In this section we will train stochastic emulators, which take into account the fact that each time the model is run using the same parameter set, it will generate different output.

5.1 Brief recap on the structure of an emulator

We very briefly recap the general structure of a univariate emulator (see Workshop 1 for more details):

\[f(x) = g(x)^T \xi + u(x),\]

where \(g(x)^T \xi\) is a regression term and \(u(x)\) is a weakly stationary process with mean zero.

The regression term, which mimics the global behaviour of the model output, is specified by a vector of functions of the parameters \(g(x)\) which determine the shape and complexity of the regression hypersurface we fit to the training data, and a vector of regression coefficients \(\xi\).

The weakly stationary process \(u(x)\) (similar to a Gaussian process), accounts for the local deviations (or residuals) of the output from the regression hypersurface.

In this workshop, \(u(x)\) is assumed to be a Gaussian process, with covariance structure given by

\[\text{Cov}(u(x), u(x'))= \sigma^2 c(x,x^{\prime}) \]

where \(c\) is the square-exponential correlation function

\[c(x,x^{\prime}) := \exp\left(\frac{-\sum\limits_{i}(x_{i}-x_{i}^{\prime})^2}{\theta^2}\right)\]

where \(x_i\) is the ith-component of the parameter set \(x.\) The term \(\sigma^2\) is the emulator variance, i.e. the variance of \(u(x)\), and reflects how far we expect the output to be from the regression hypersurface, while \(\theta\) is the correlation length of the process, and determines how close two parameter sets must be in order for the corresponding residuals to be non-negligibly correlated.

In the deterministic workshop, we said that in order to train an emulator, the emulator_from_data function first estimated the value for \(\sigma\), using the provided training data. It is important to note that this estimated value of \(\sigma\) was constant, i.e., it was the same for all parameter sets. When working with stochastic models, different areas of the parameter space often give rise to quite different levels of stochasticity in the outputs. Taking this phenomenon into account when dealing with stochastic models will allow us to train more accurate and efficient emulators.

5.2 Stochastic emulators

To train stochastic emulators we use the function emulator_from_data specifying emulator_type = 'variance', which requires the training data, the names of the outputs to emulate, and the ranges of the parameters:

stoch_emulators <- emulator_from_data(all_training, output_names, ranges, 
                                      emulator_type = 'variance')

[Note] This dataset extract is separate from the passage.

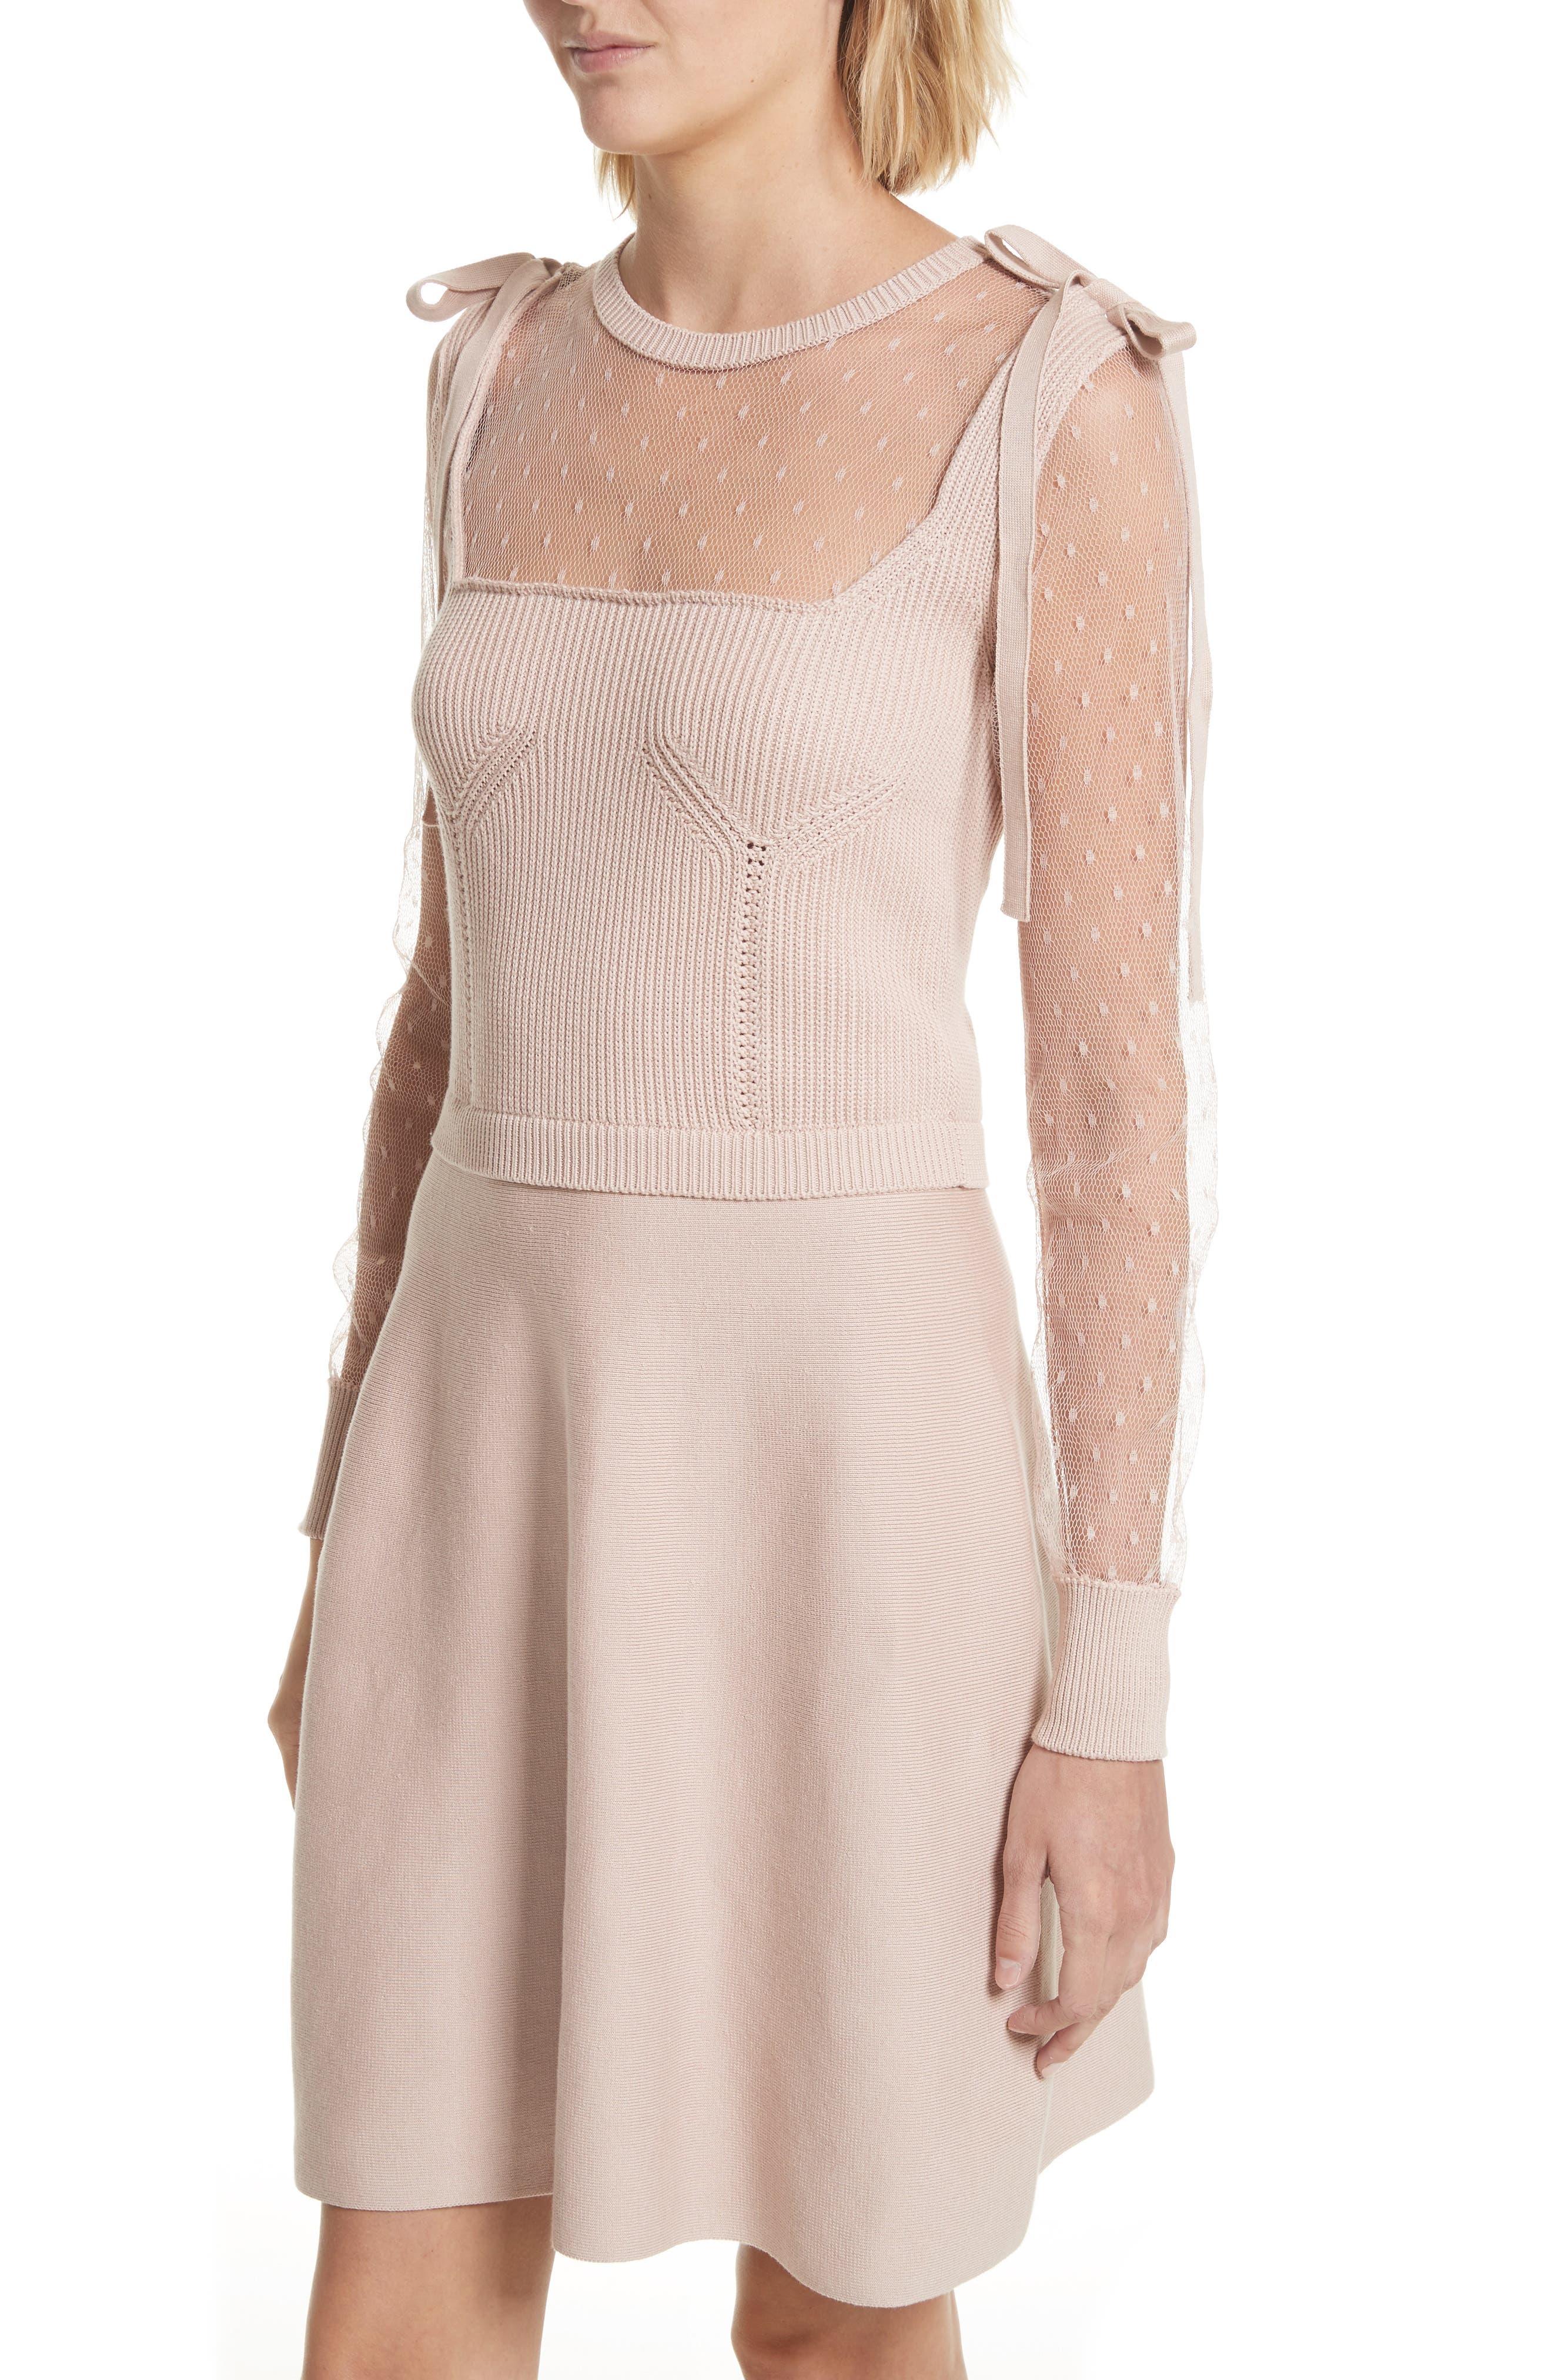 Point d'Esprit Cotton Dress,                             Alternate thumbnail 4, color,                             Nude

The function emulator_from_data with emulator_type = 'variance' returns two sets of emulators: one for the variance and one for the expectation of each model output. Behind the scenes, emulator_from_data does the following:

  • First, it estimates the variance of each model output of interest at each provided parameter set: this is possible since all_training contains several model runs at each parameter set.

  • Using the obtained variance data, it then trains an emulator for the variance of each of the outputs of interest. These emulators will be referred to as variance emulators and can be access typing stoch_emulators$variance.

  • Finally, emulators for the mean of each output are built. These emulators will be referred to as mean emulators and can be accessed typing stoch_emulators$expectation. The main difference in the training of emulators between the stochastic and the deterministic case is that here, for each output, we use the variance emulator to inform our choice for a component of \(\sigma\), that which is due to the stochasticity of the model: for each parameter set \(x\), the variance emulator gives us an estimate of the variance of the model output at \(x\). Note that this step is specific to the treatment of stochastic models, where it is important to account for the fact that different areas of the parameter space often give rise to quite different levels of stochasticity in the outputs.

Let’s take a look at the two sets of emulators stored in stoch_emulators, starting with plots of active variables:

plot_actives(stoch_emulators$variance)

plot_actives(stoch_emulators$expectation)

These plots show what variables are active, i.e. have the most explanatory power, for each of the mean and variance emulators. We see that \(b\) and \(\mu\) are inactive for almost all outputs in the variance emulators, even though they are active for some outputs in the mean emulators. Parameters \(\beta_1\), \(\epsilon\), \(\alpha\) and \(\gamma\) are active for most or all outputs in the mean emulators.

As in the deterministic case, the emulator_plot can be used to visualise how emulators represent the output space. Since we have two sets of emulators, we have several options in terms of plots. The default behaviour of emulator_plot is to plot the expectation of the passed emulator: for example, to plot the expectation of the variance emulator for \(I40\), we just need to pass stoch_emulators$variance$I40 to emulator_plot.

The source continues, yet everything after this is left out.